In this paper international demand for Nepali tourism from the selected major markets has been estimated using time series data of number of tourist arrivals, per capita income, own price and prices of related goods. Autoregressive distributive lagged (ARDL) models are applied as a tool of estimation. This study confirms that tourism demand for Nepal is the composite function of disposable income, own price, cross price, lags of these variables, word of mouth of the visitors and qualitative factors captured by dummies. The most important policy implication can be derived from the words of mouth of the visitors.

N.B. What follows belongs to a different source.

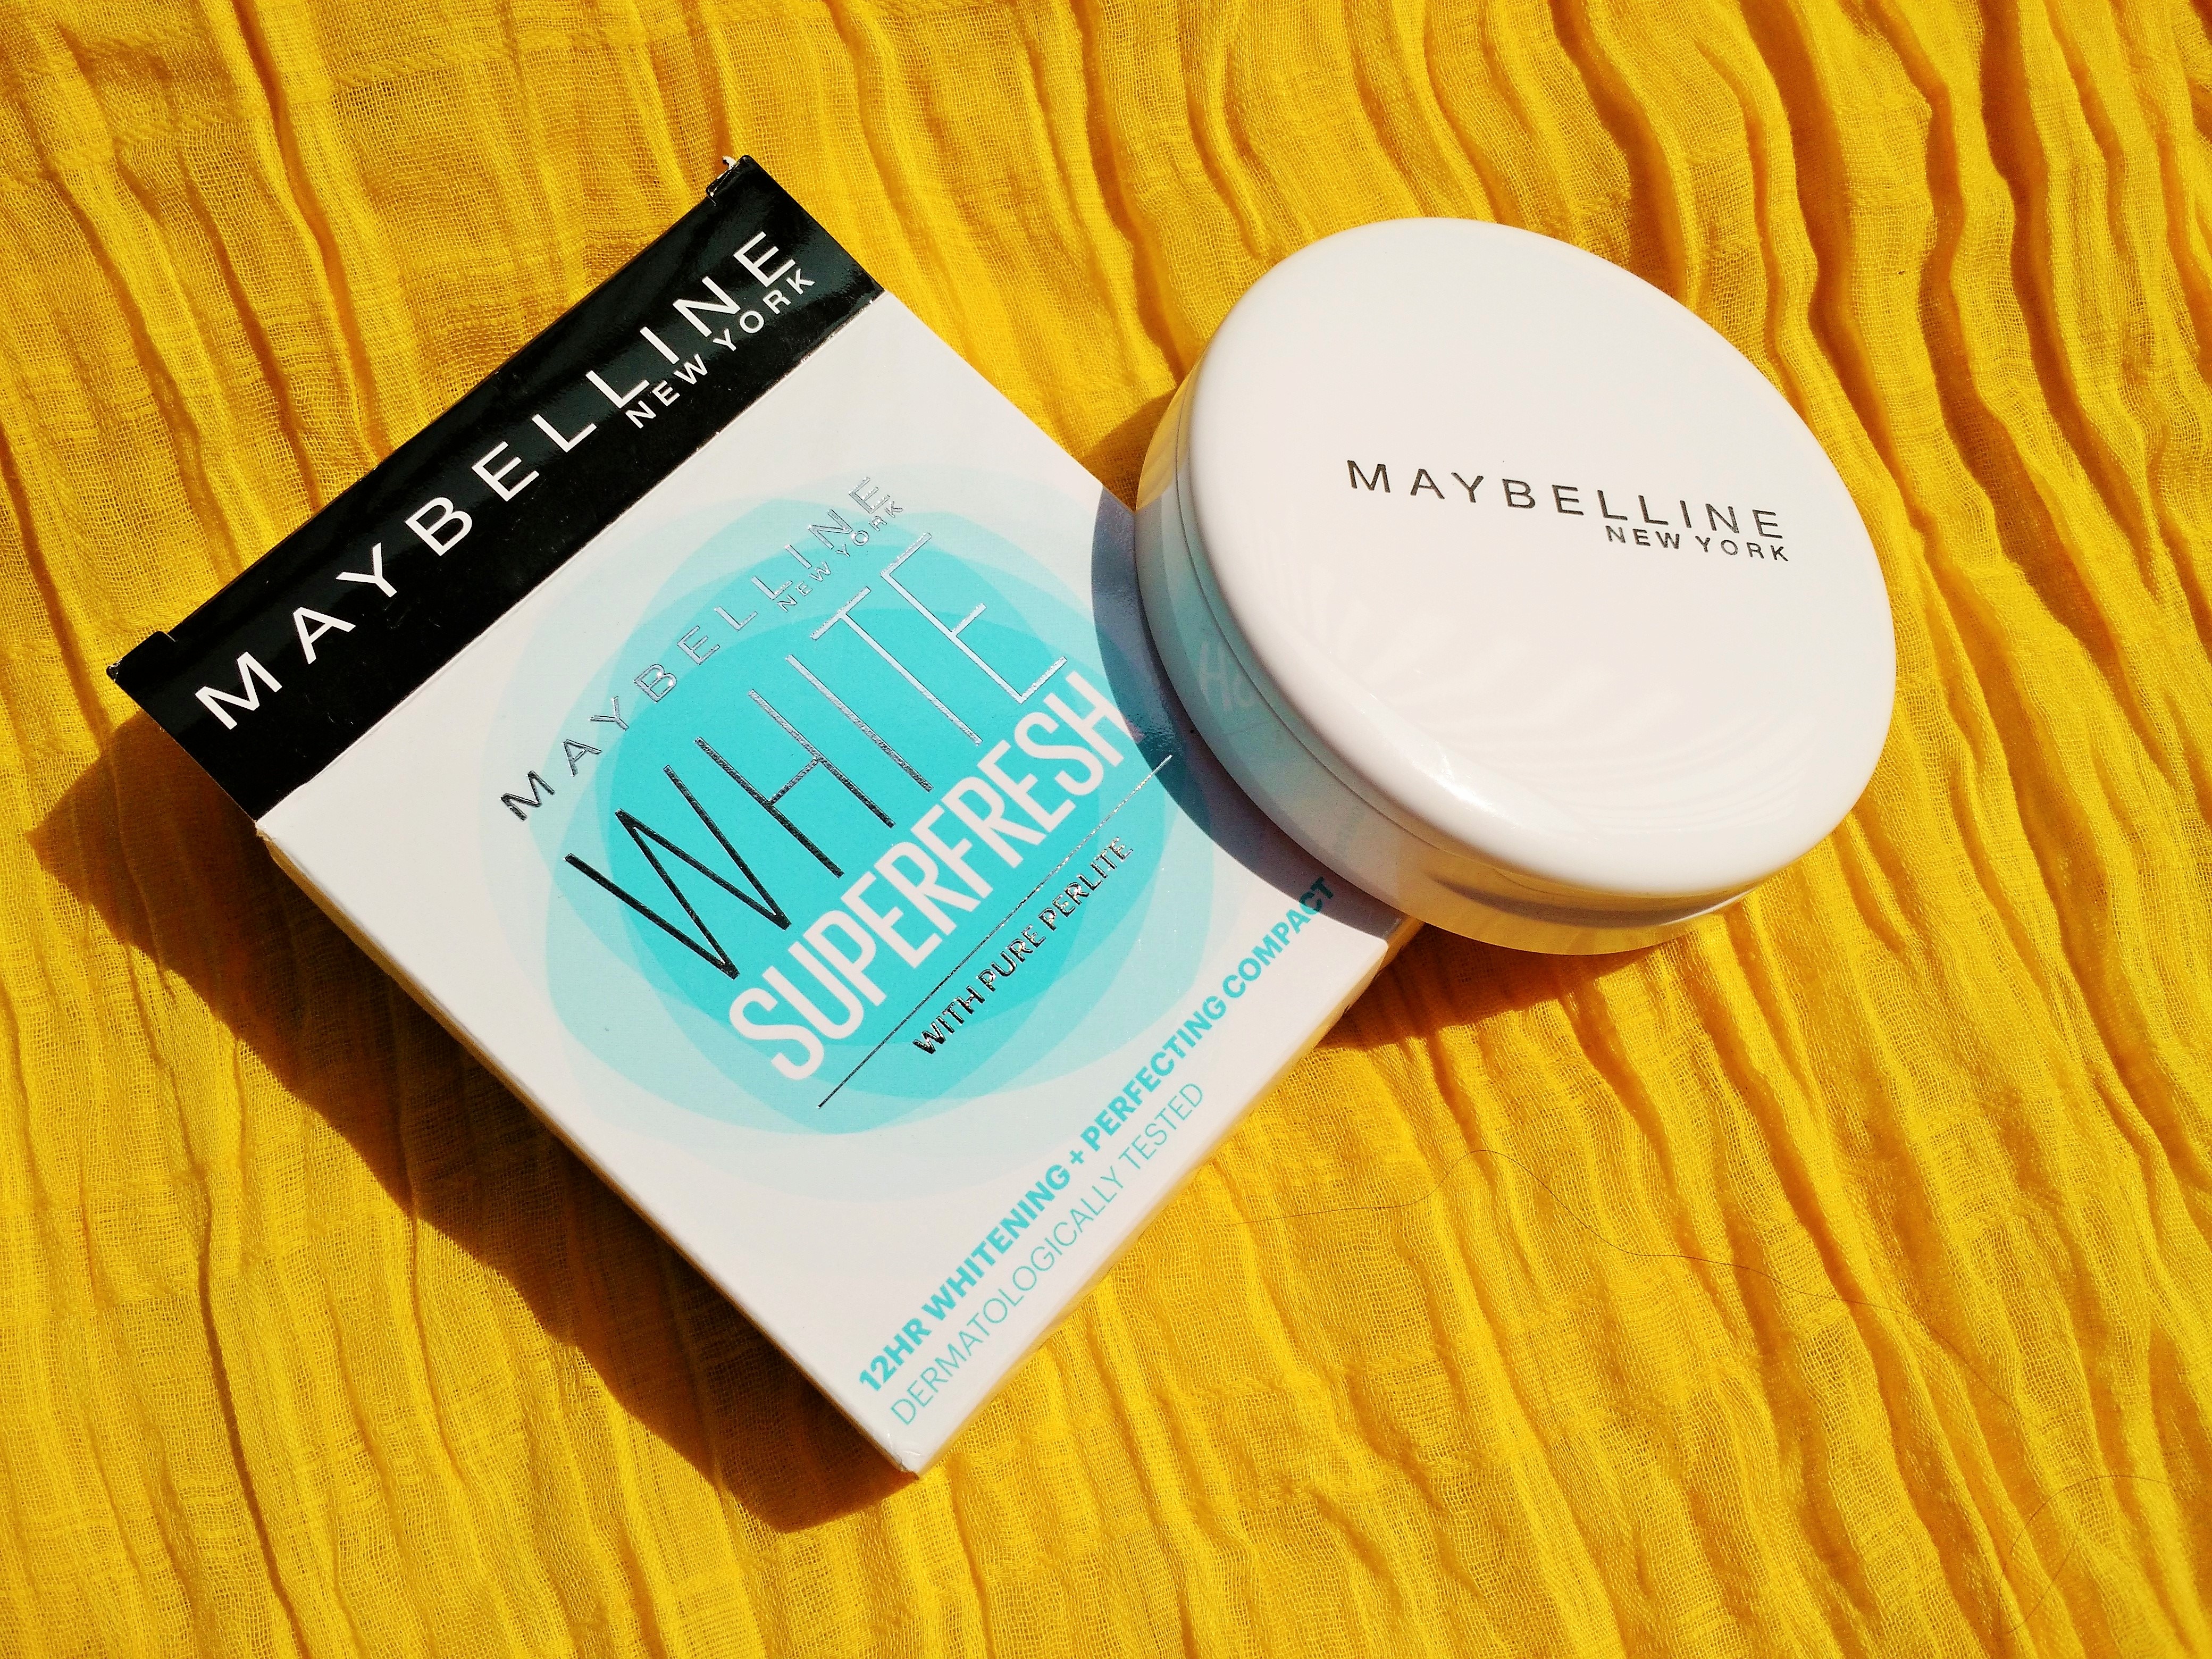 Maybelline White Superfresh Compact

This manifests that only the good impression on the visitors can generates better words of mounth in favour of destination which underscores the up-gradation of the tourist products for the better image of the destination. The best performed models are used for forecasting the growth rates of tourist arrivals from the eight major markets for 2010 to 2020. The forecasted growth rates of tourist arrivals from major eight market are found very close to the actual average annual growth rates for 2006 to 2010.

Suggested Citation

  • Shoora B. Paudyal Ph. D., 2014. "Modelling and Forecasting Demand for Nepali Tourism," NRB Economic Review, Nepal Rastra Bank, Research Department, vol. 26(1), pages 58-89, April.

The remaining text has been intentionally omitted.